◆ PROVIDED ENTRIES:
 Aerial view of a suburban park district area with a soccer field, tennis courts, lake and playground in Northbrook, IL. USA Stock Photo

* * *

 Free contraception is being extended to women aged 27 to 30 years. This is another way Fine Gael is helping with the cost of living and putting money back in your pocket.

---

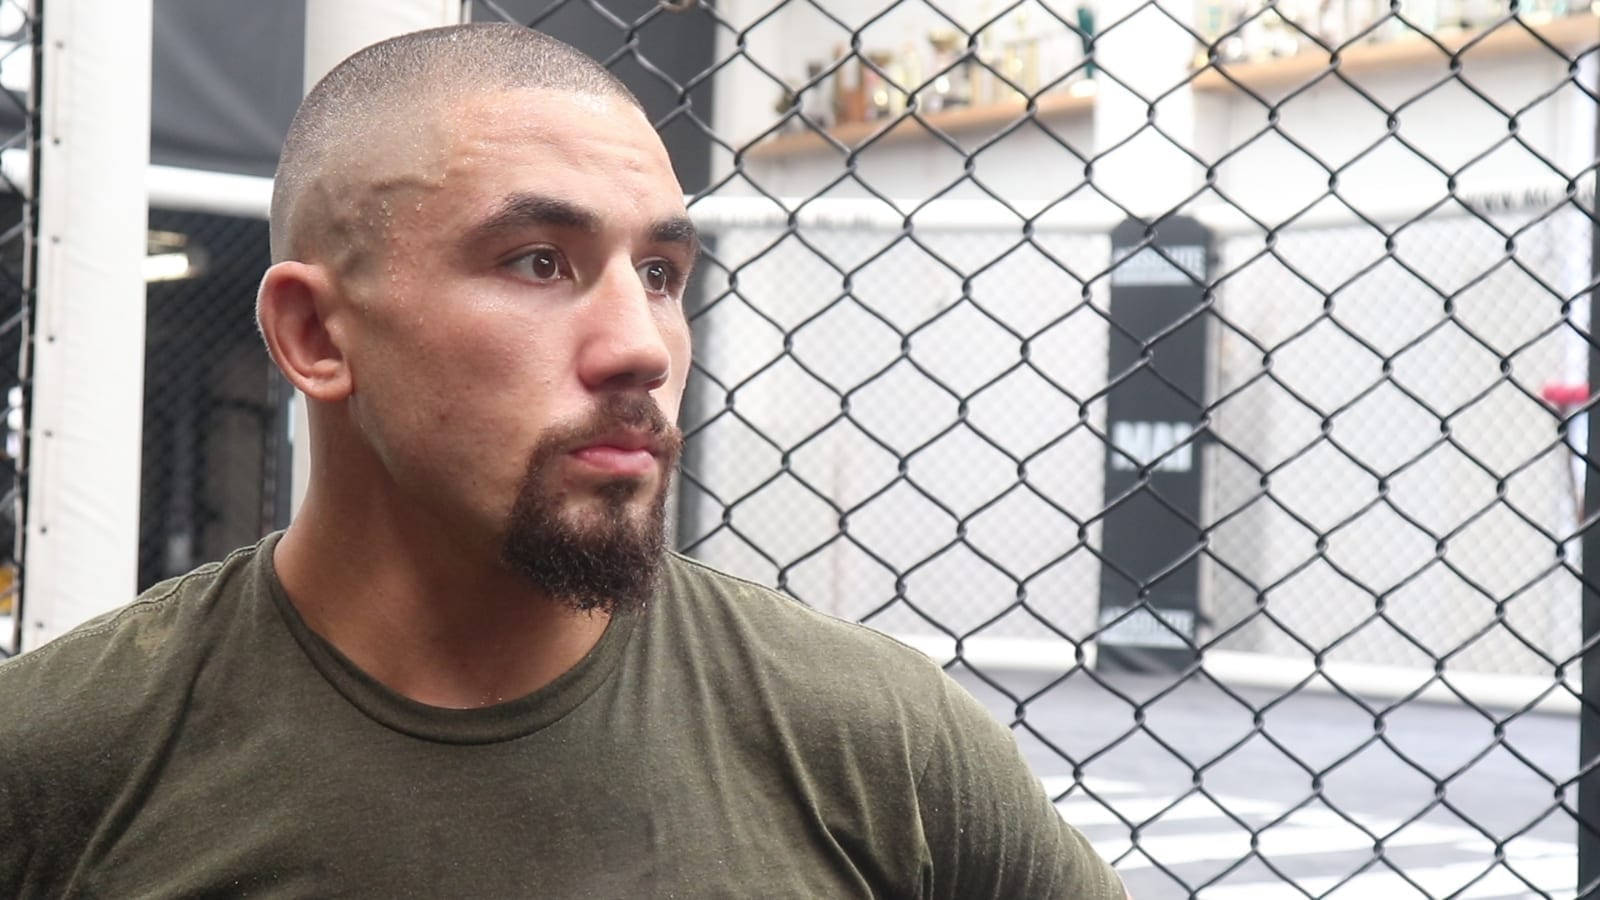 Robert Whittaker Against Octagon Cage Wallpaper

◆ WORK INSTRUCTIONS: Spot every line in the entries that includes the word "with", and copy each one out.

◆ EXERCISE OUTPUT:
 Aerial view of a suburban park district area with a soccer field, tennis courts, lake and playground in Northbrook, IL. USA Stock Photo
 Free contraception is being extended to women aged 27 to 30 years. This is another way Fine Gael is helping with the cost of living and putting money back in your pocket.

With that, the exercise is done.